* _WORK ORDER_
Your answer must be the exact lines of the listing below that run from the line with "salsa spices and onions in pressure cooker." to the line with "A White Megaphone With A Red Stripe", ends included, and no pictures.
[[ GIVEN ENTRIES open ]]
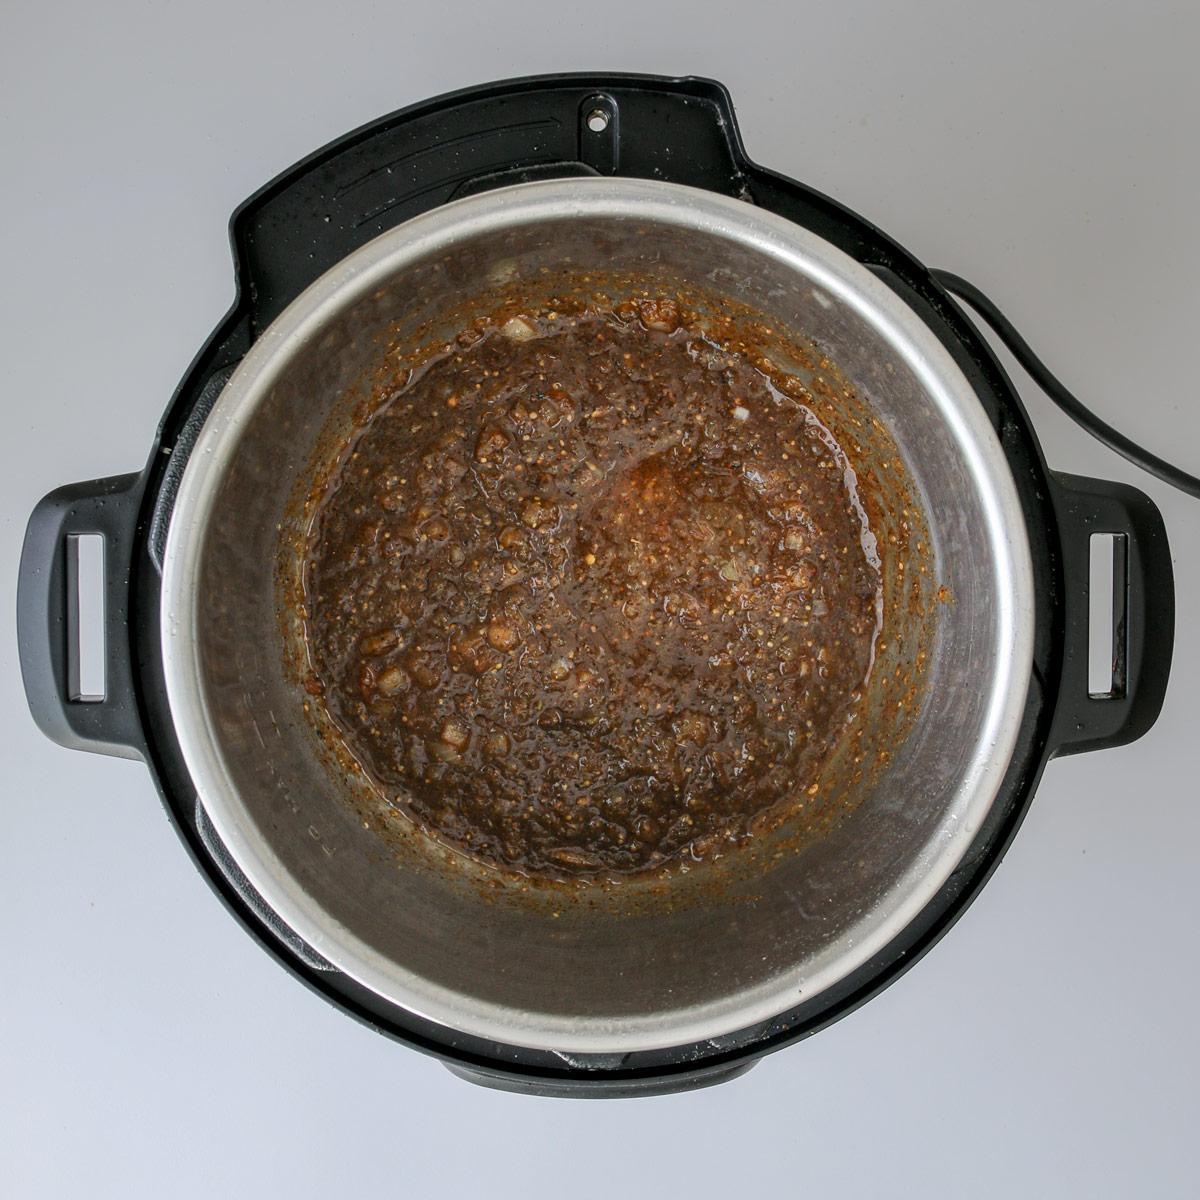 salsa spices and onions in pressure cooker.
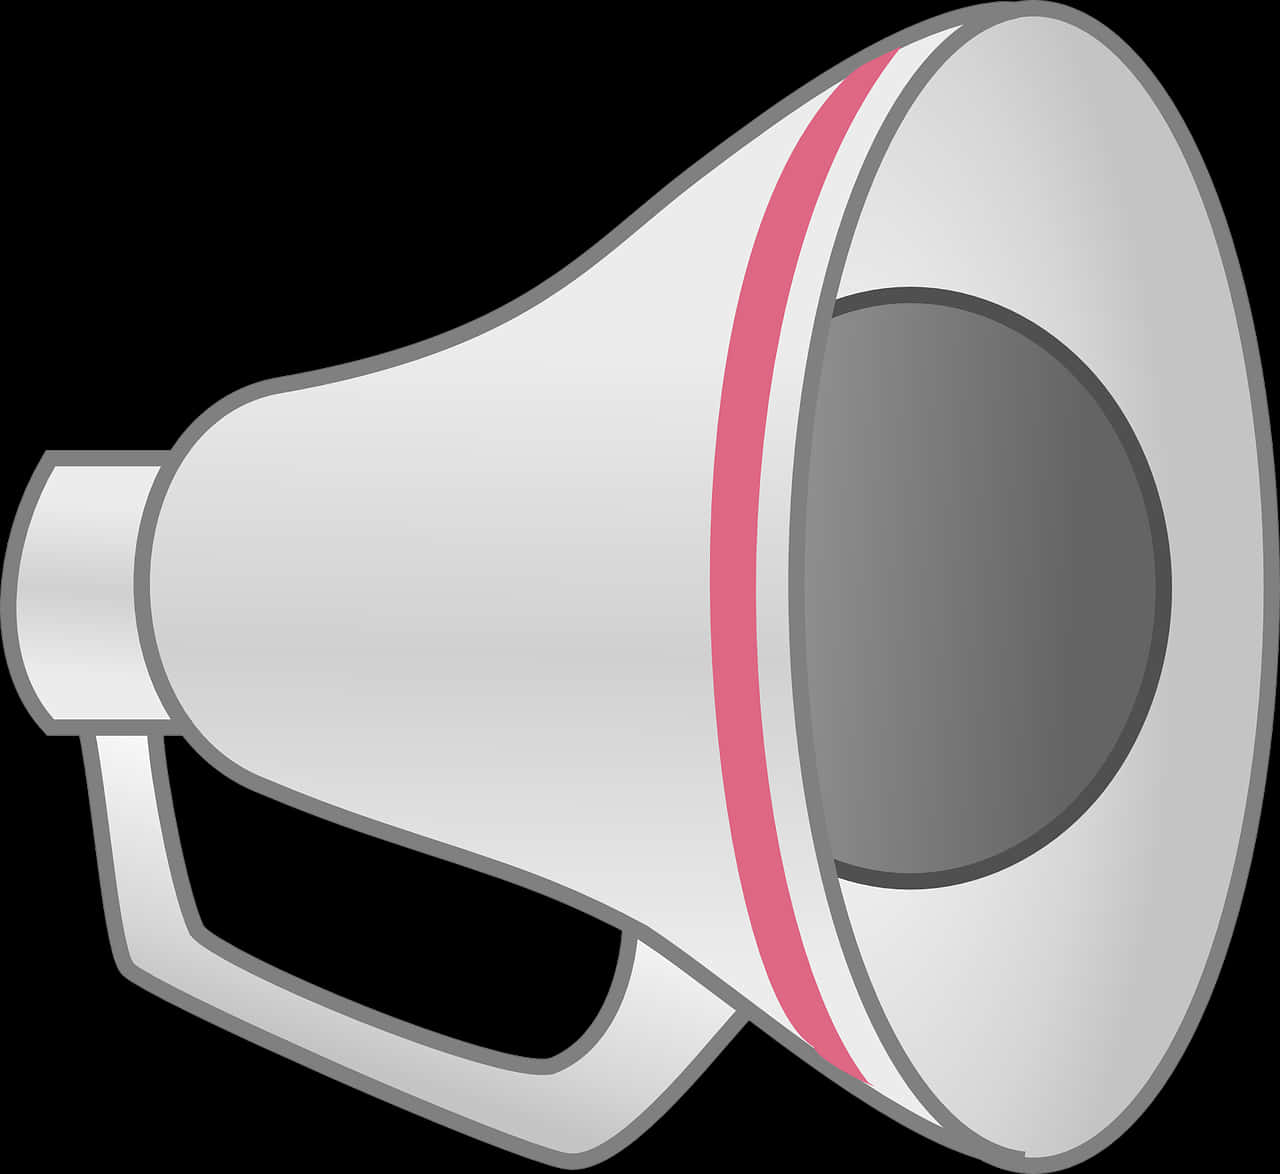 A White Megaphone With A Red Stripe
[[ GIVEN ENTRIES closed ]]
[[ GIVEN ENTRIES open ]]
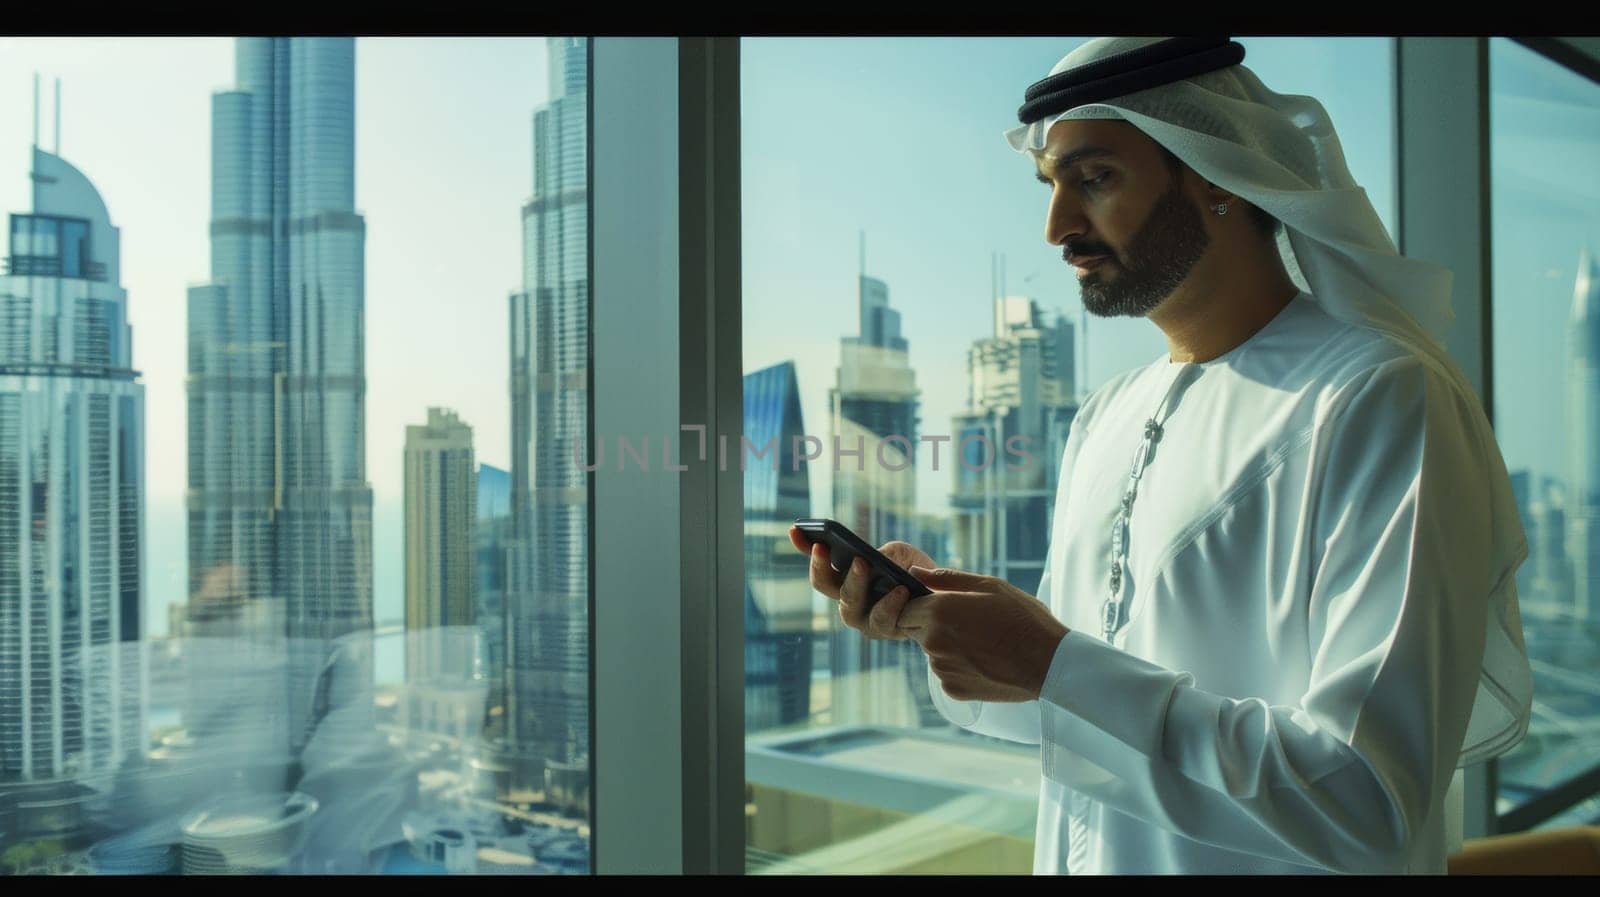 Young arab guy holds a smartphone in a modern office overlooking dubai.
[[ GIVEN ENTRIES closed ]]
[[ GIVEN ENTRIES open ]]
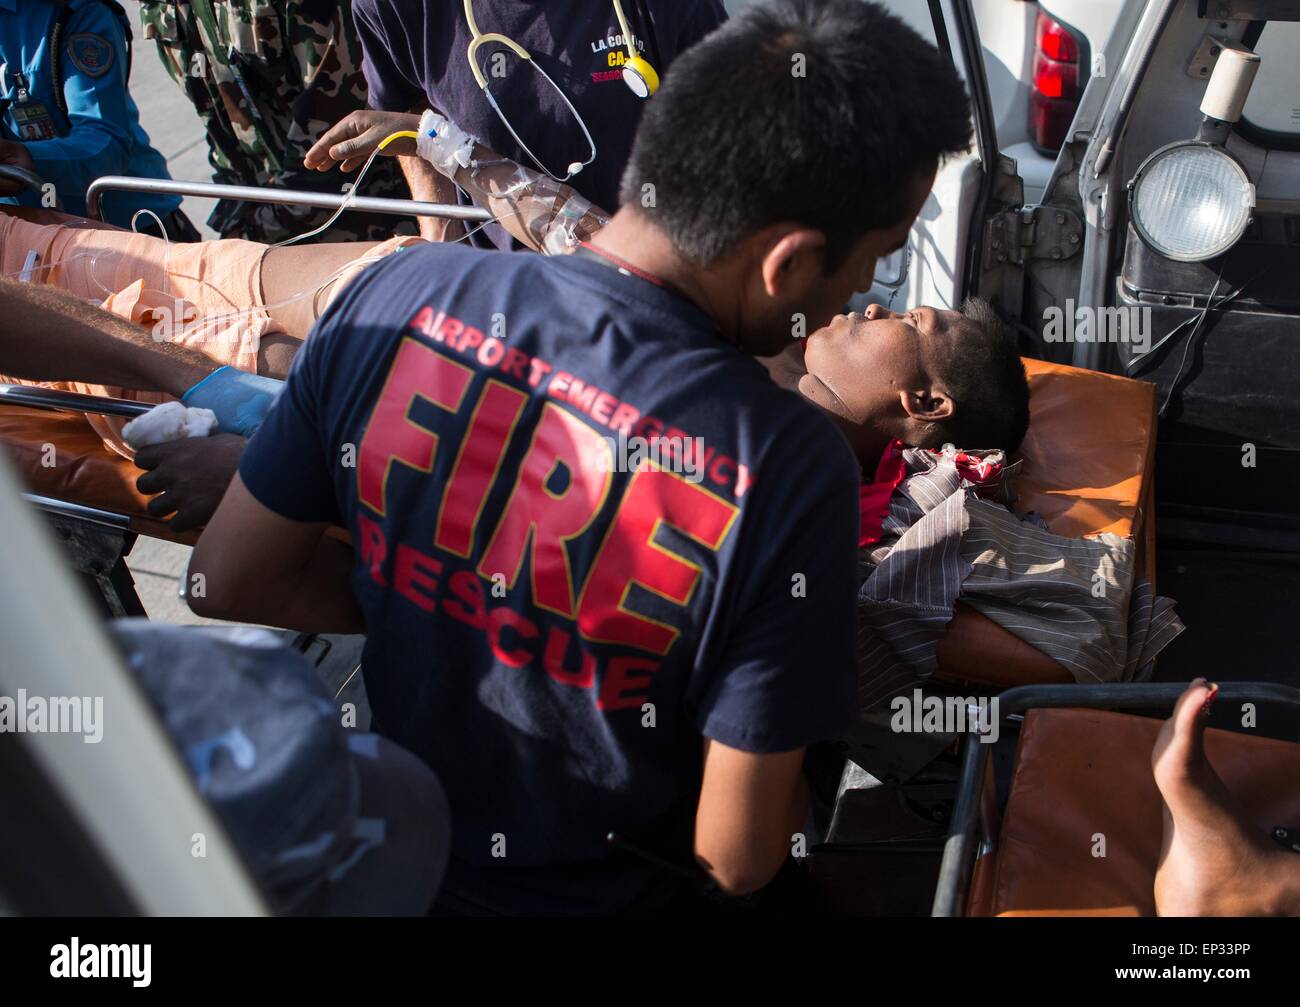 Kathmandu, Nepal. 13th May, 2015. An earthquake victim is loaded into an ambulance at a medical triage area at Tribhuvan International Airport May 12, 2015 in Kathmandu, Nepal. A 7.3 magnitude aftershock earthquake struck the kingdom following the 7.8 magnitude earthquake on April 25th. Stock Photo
[[ GIVEN ENTRIES closed ]]
* _TASK RESPONSE_
 salsa spices and onions in pressure cooker.
 A White Megaphone With A Red Stripe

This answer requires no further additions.